May 3 marks World Press Freedom Day, a day designated by the United Nations to galvanize action to ensure and protect press freedom globally. It gives the opportunity to assess the state of press freedom throughout the world, defend the media from attacks on their independence, and pay tribute to journalists who have lost their lives in the line of duty, among others. In 2024, World Press Freedom Day is dedicated to the importance of journalism and freedom of expression in the context of the current global environmental crisis.
As reported by the U.N., “journalists encounter significant challenges in seeking and disseminating information on contemporary issues, such as supply-chains problems, climate migration, extractive industries, illegal mining, pollution, poaching, animal trafficking, deforestation, or climate change. Ensuring the visibility of these issues is crucial for promoting peace and democratic values worldwide.” Dis- and misinformation about environmental issues can lead to a lack of public and political support for climate action, effective policies, and the protection of vulnerable communities affected by climate change, as well as of women and girls, as climate change tends to exacerbate existing inequalities.
Reporting on environmental issues comes with high risks which go far beyond challenging the science covered by them. As reported by UNESCO, 70% of environmental journalists from 129 countries, polled in March 2024, reported experiencing attacks, threats or pressure related to their job. Of those, two in five subsequently experienced physical violence. As the UNESCO report states, at least 749 journalists and news media outlets reporting on environmental issues were targeted with murder, physical violence, detention and arrest, online harassment or legal attacks in the period 2009-2023. More than 300 attacks occurred between 2019-2023 – a 42% increase on the preceding five-year period (2014-2018). The problem is global, with attacks taking place in 89 countries in all regions of the world. UNESCO’s Observatory of Killed Journalists records the killing of at least 44 journalists investigating environmental issues over the last 15 years, of which only five have resulted in convictions – a shocking impunity rate of almost 90%.
In order to protect press freedom, the U.N. proposes a comprehensive strategy to include the need to prevent and protect against crimes committed against journalists, ensure the rights to freedom of expression, freedom of scientific research, and access to key sources of information, in addition to combating dis-/misinformation through journalism, and promote the plurality, diversity, and viability of media, especially regional, local, indigenous, and/or community-based media, among others.

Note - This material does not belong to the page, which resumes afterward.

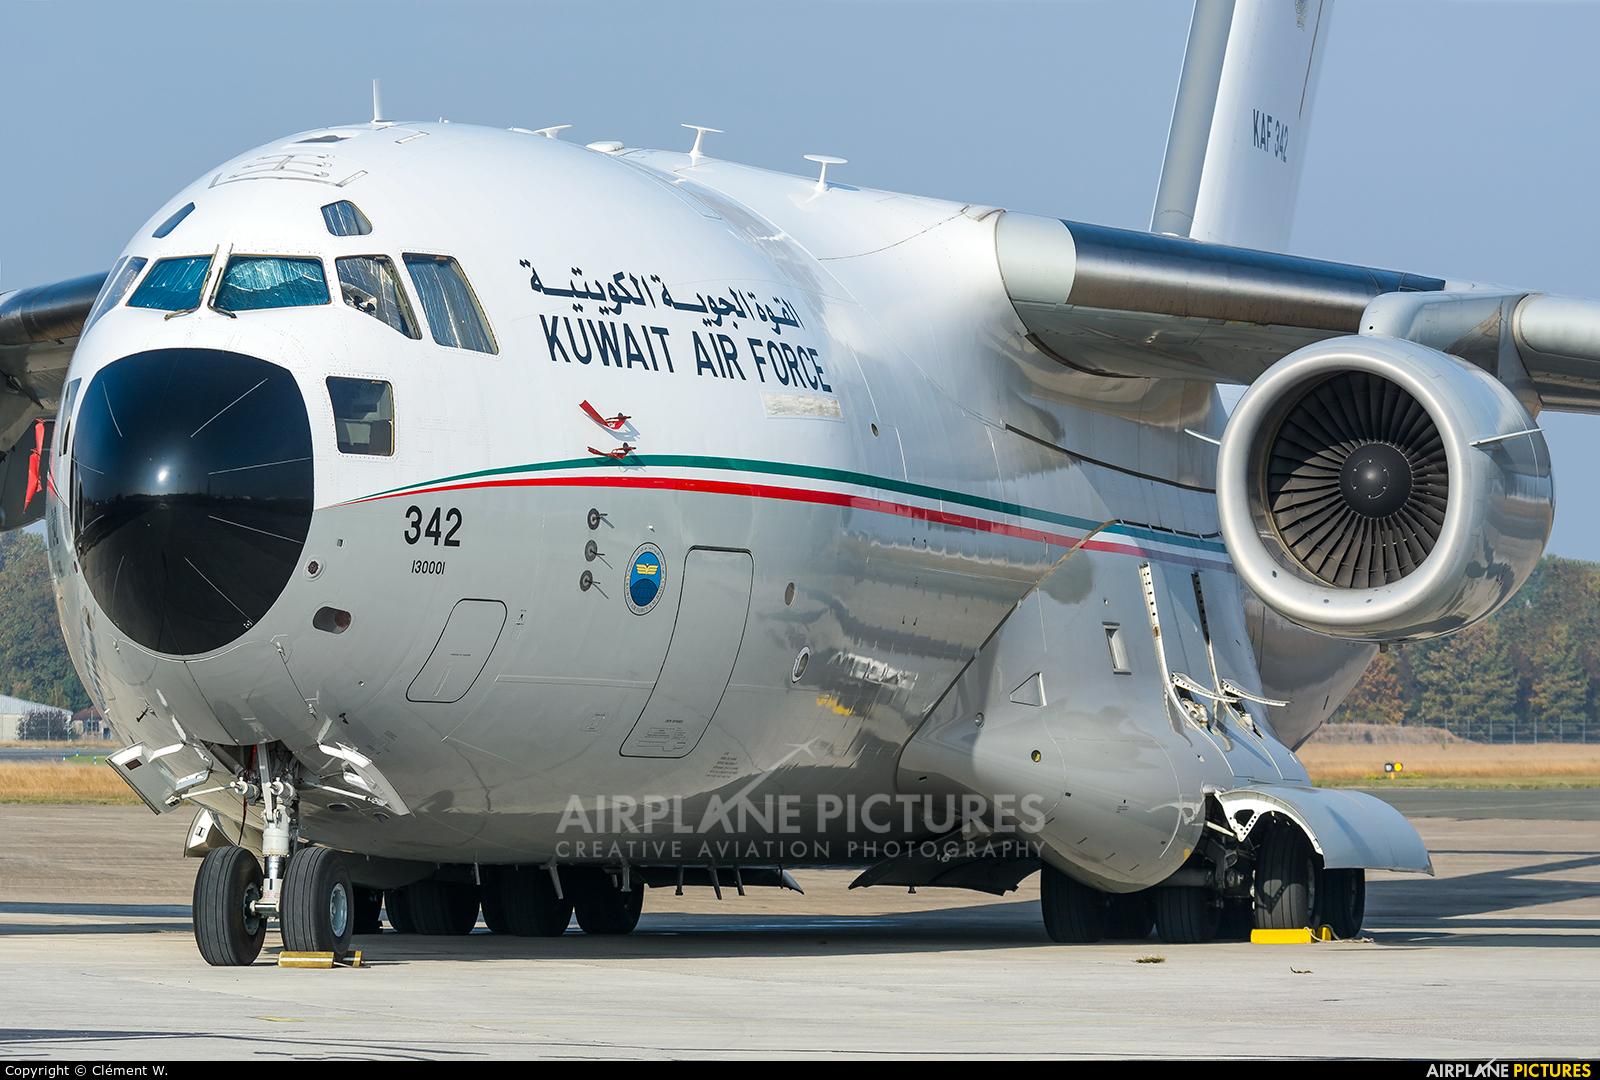 Kuwait - Air Force KAF342 aircraft at Paris - Le Bourget

These recommendations are key to press freedom, whether for environmental journalists or journalists more broadly. Journalists continue to be killed globally, and very little is being done to ensure their safety. As reported by Reporters Without Borders, in 2023, at least 50 journalists were killed when performing their job. According to their data, the deadliest place for journalists in 2023 was in the Palestinian territories, where 16 deaths were counted in just the last three months of the year. The top of the list was then followed by Mexico with four deaths reported there in 2023, three in Afghanistan, three in Bangladesh, three in Lebanon, and two deaths in Cameroon, Ukraine and the Philippines, respectively.
UNESCO identified at least 65 journalists who have been killed in the line of duty in 2023. While according to UNESCO, the overall number of deaths may have been on the decrease, the number of killings in conflict zones has increased. As UNESCO stressed, “at least 38 journalists and media workers were killed in the line of work in countries in conflict in 2023, compared to 28 in 2022 and 20 in 2021. The ongoing hostilities in the Middle East were responsible for a large majority of conflict-related killings, with UNESCO having so far reported 19 killings in Palestine, 3 in Lebanon and 2 in Israel since 7 October. Afghanistan, Cameroon, Syria and Ukraine also each saw at least two killings.”
As UNESCO indicates, such attacks contribute to what it refers to as “zones of silence” opening up in many conflict zones. This has severe consequences for access to information, both for local populations and the world at large. In the words of U.N. Secretary-General António Guterres, “Without freedom of the press, there are no real democratic societies. Without freedom of the press, there is no freedom.”